Upper Ferntree Gully Primary School

21 June 2017
Issue Seventeen
Our Vision
Principal's Report
Out of School Hours Care
Upper Ferntree Gully Awards
Dates to remember
Parents Page
        Notices and Reminders
Is this for you?
School Council
Upper Ferntree Gully Primary School
03 97581527
Talaskia Road
Upper Ferntree Gully, Victoria, 3156

Our Vision

Our Vision

To be an engaging and inclusive learning community where students are confident, creative, curious and lifelong learners.

Our Values

Respect        Teamwork       Resilience        Integrity


We respect ourselves by valuing who we are and doing our personal best.

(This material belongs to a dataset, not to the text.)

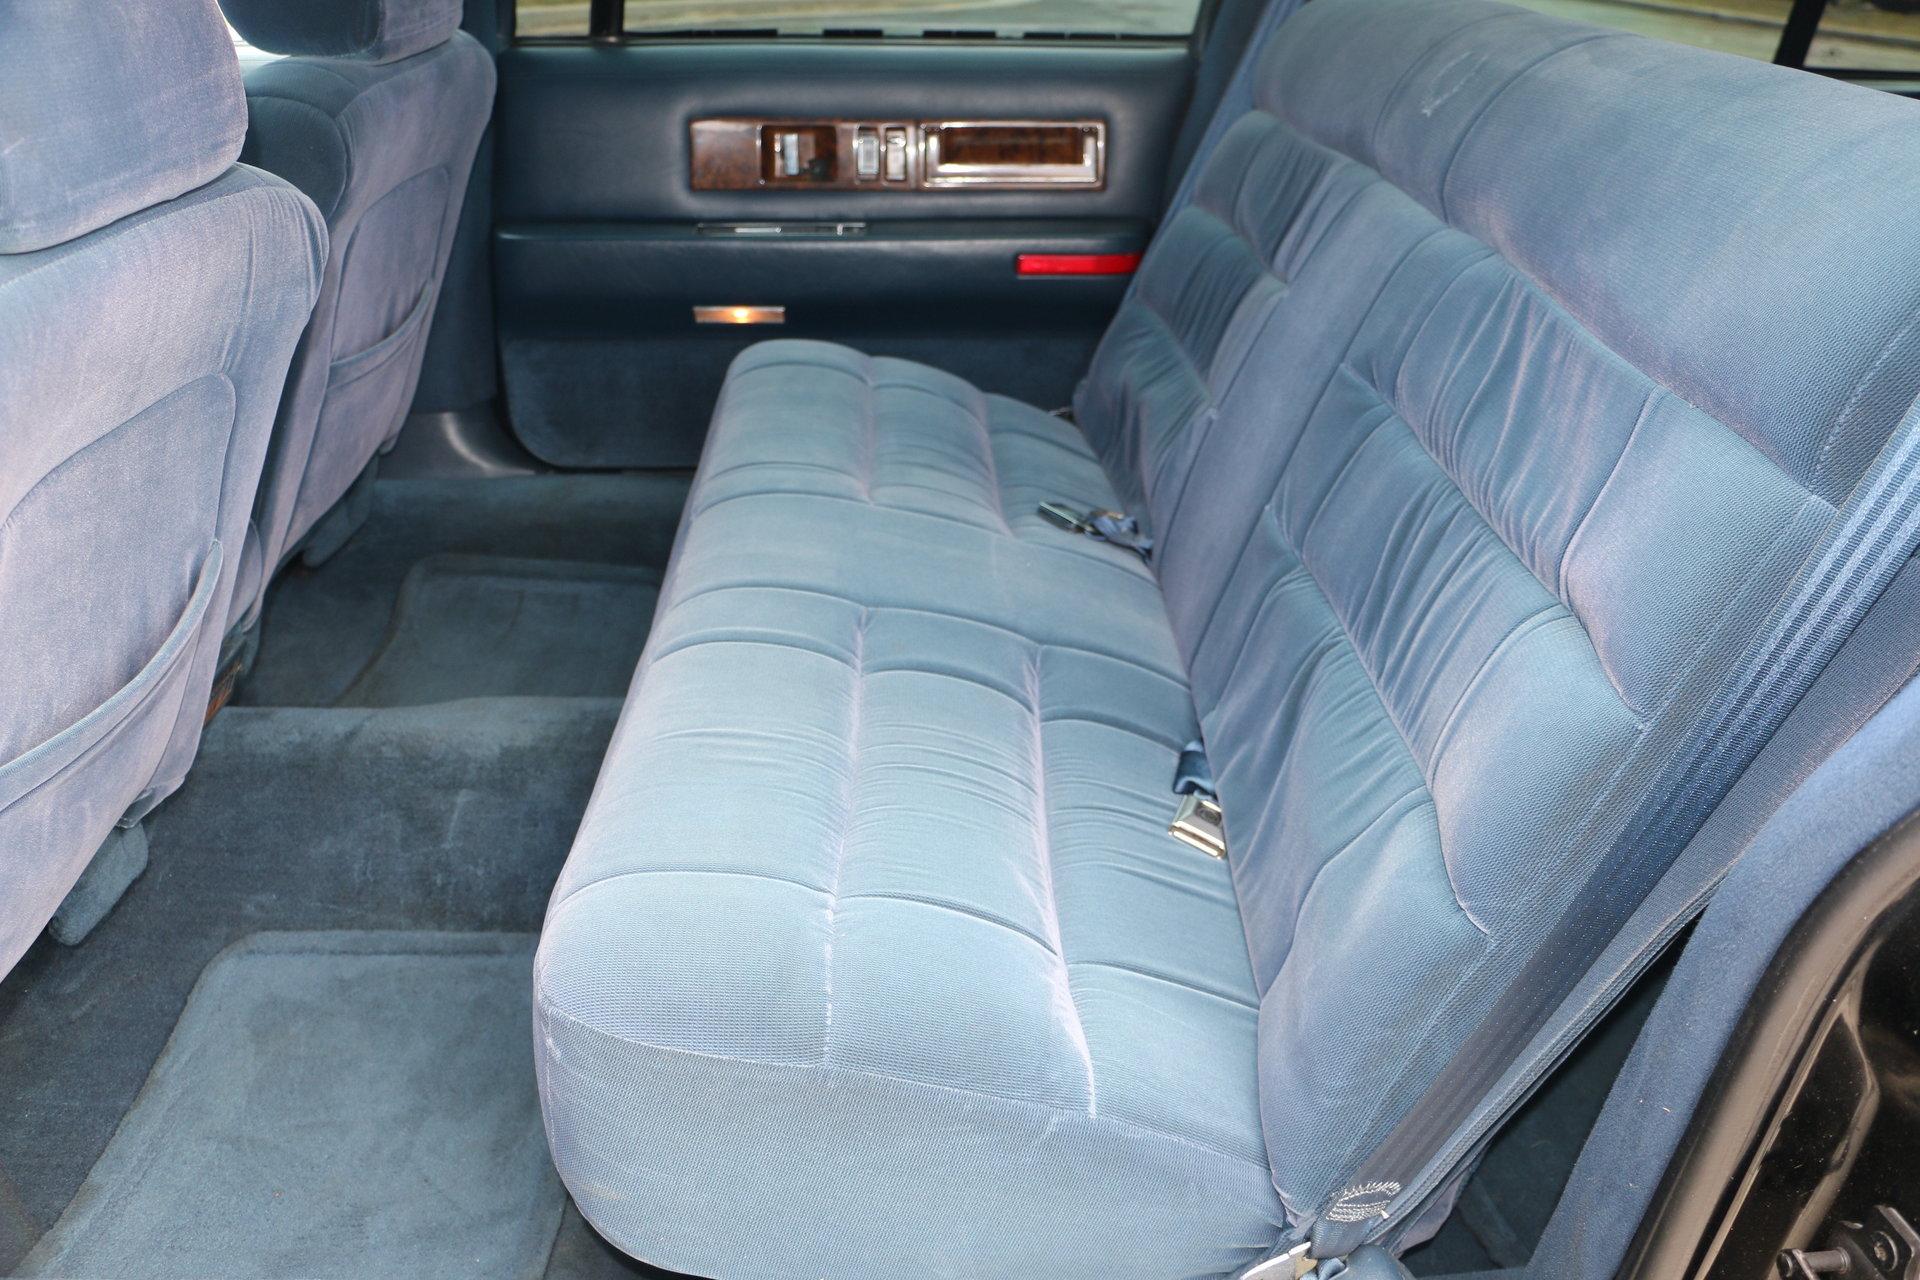 1993 Cadillac Fleetwood Limousine | Hip Rides

We respect others by treating them fairly and in the way we would like to be treated.

We respect our community by being inclusive/friendly to others and taking care of our environment.


We make sure that we contribute.

We make sure that we encourage and give others the opportunity to contribute.

We work together to achieve the best we possibly can.


We accept feedback and use it for improvement.

We bounce back when things just don’t seem to be going right.

We make an effort to make things right again.


We are honest with each other.

We are accountable for the decisions we make.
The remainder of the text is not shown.